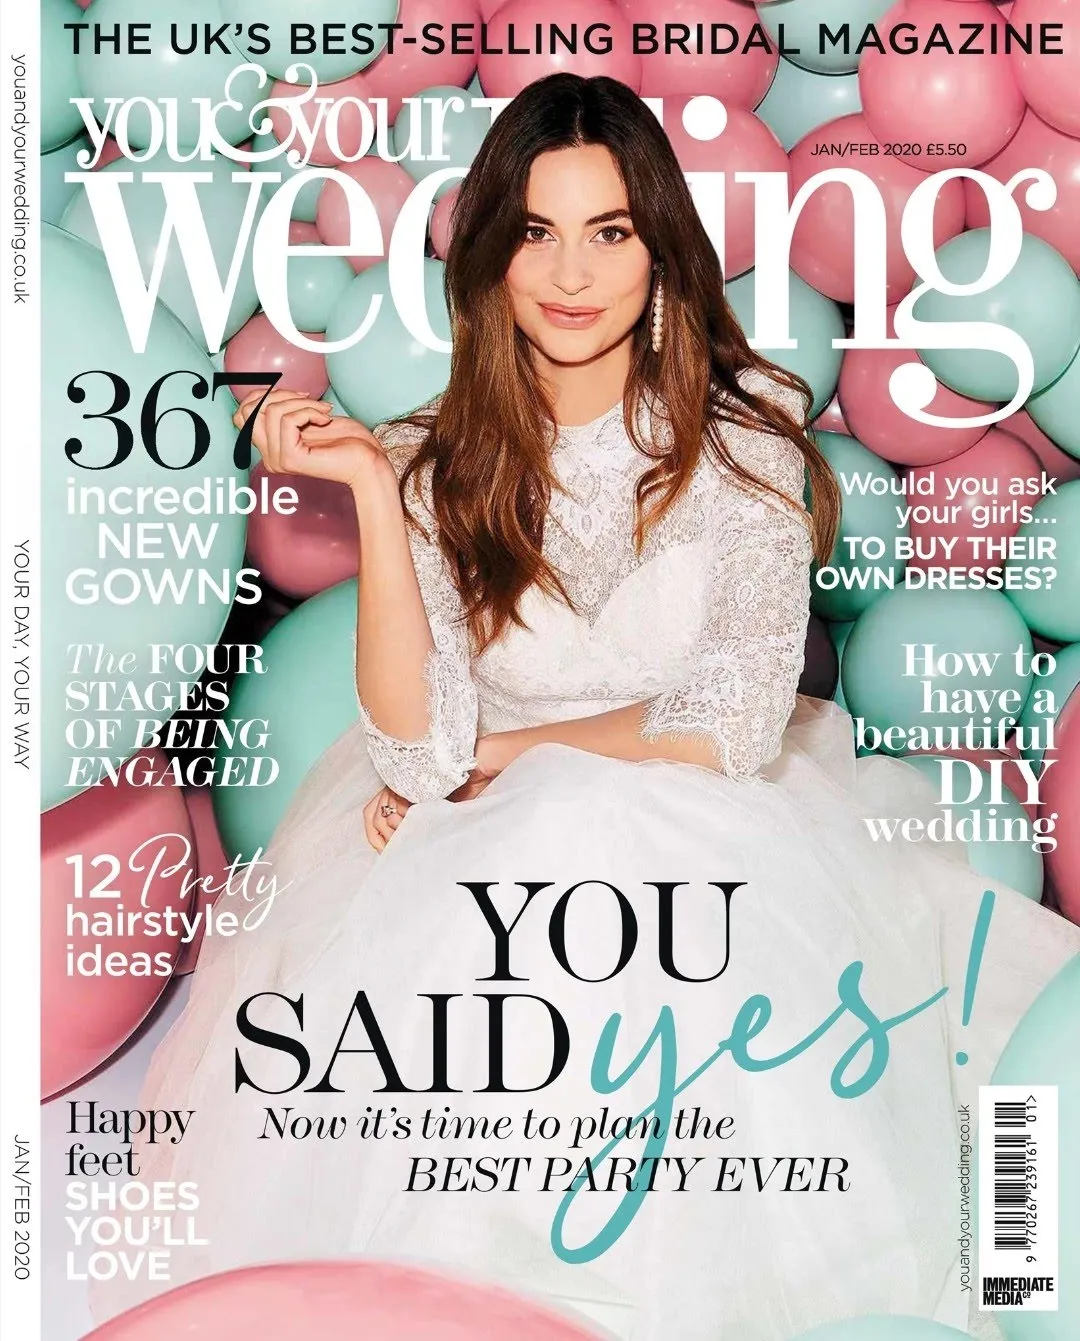 Image of a front cover of You and Your wedding magazine
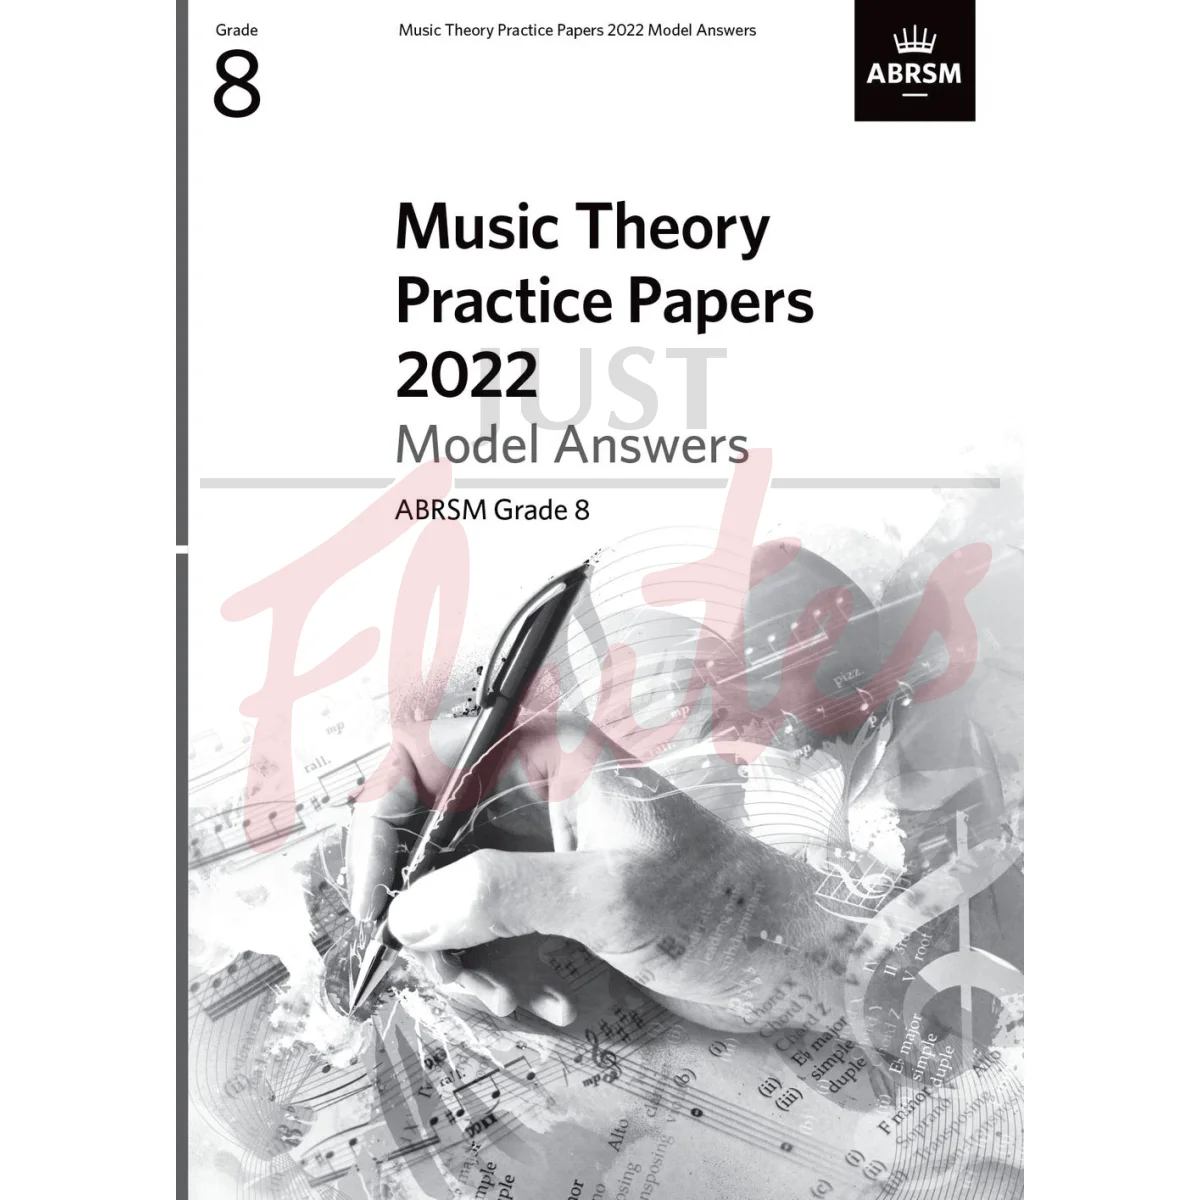 Music Theory Practice Papers 2022 Grade 8 - Model Answers
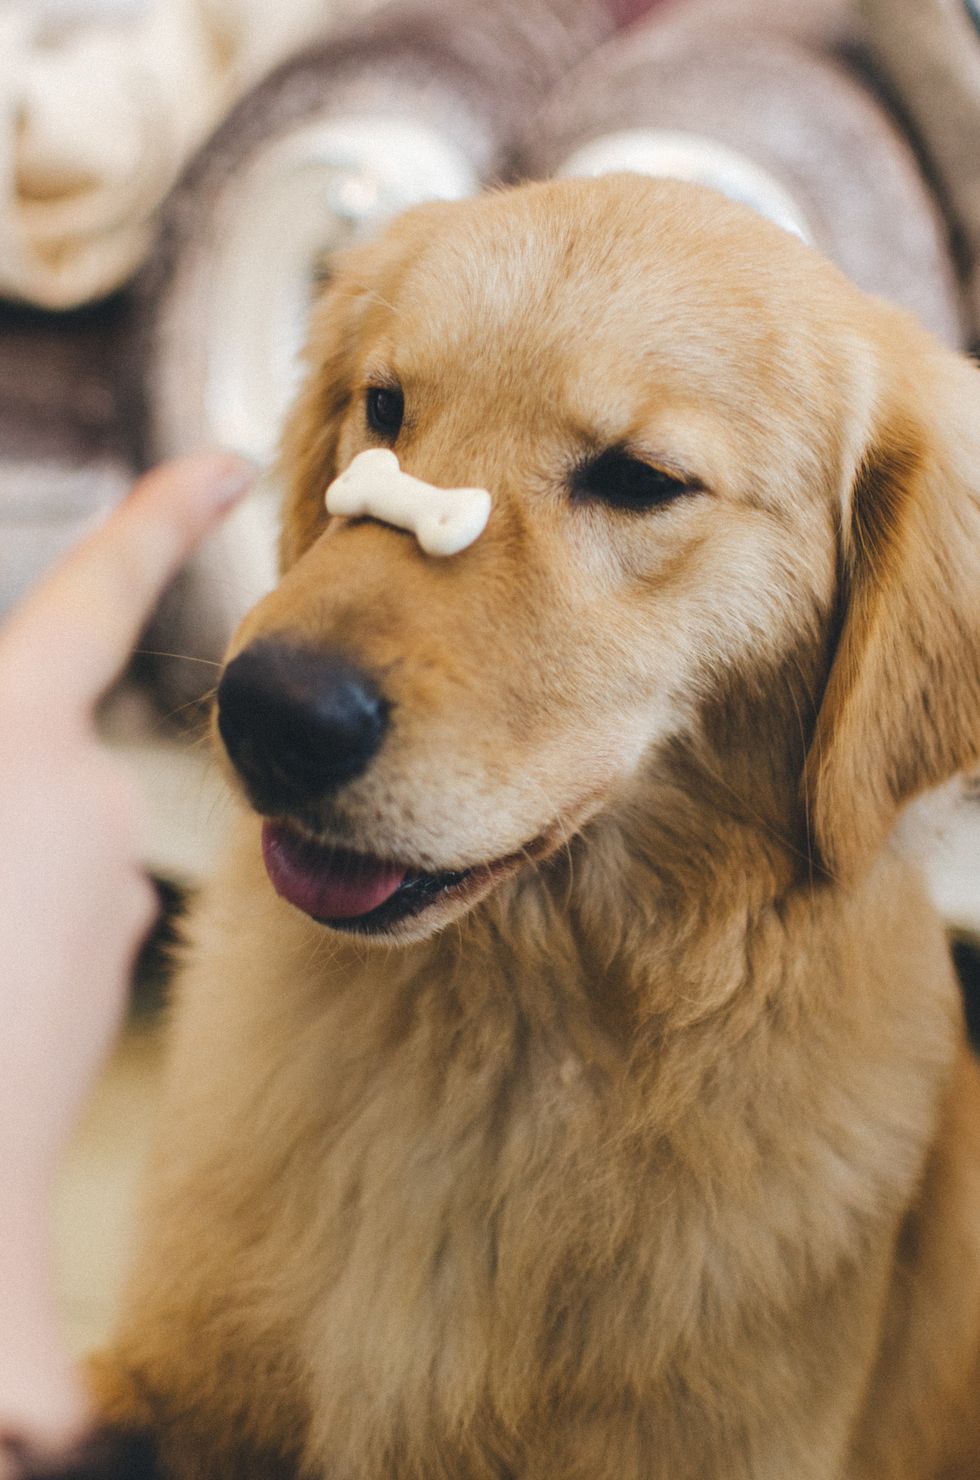 Golden Retriever sitting with a dog treat on nose

- **EXERCISE AIM**
What is needed is an exact copy of all the data, with no images in it.

- **WRITTEN SOLUTION**
 Image of a front cover of You and Your wedding magazine
 Music Theory Practice Papers 2022 Grade 8 - Model Answers
 Golden Retriever sitting with a dog treat on nose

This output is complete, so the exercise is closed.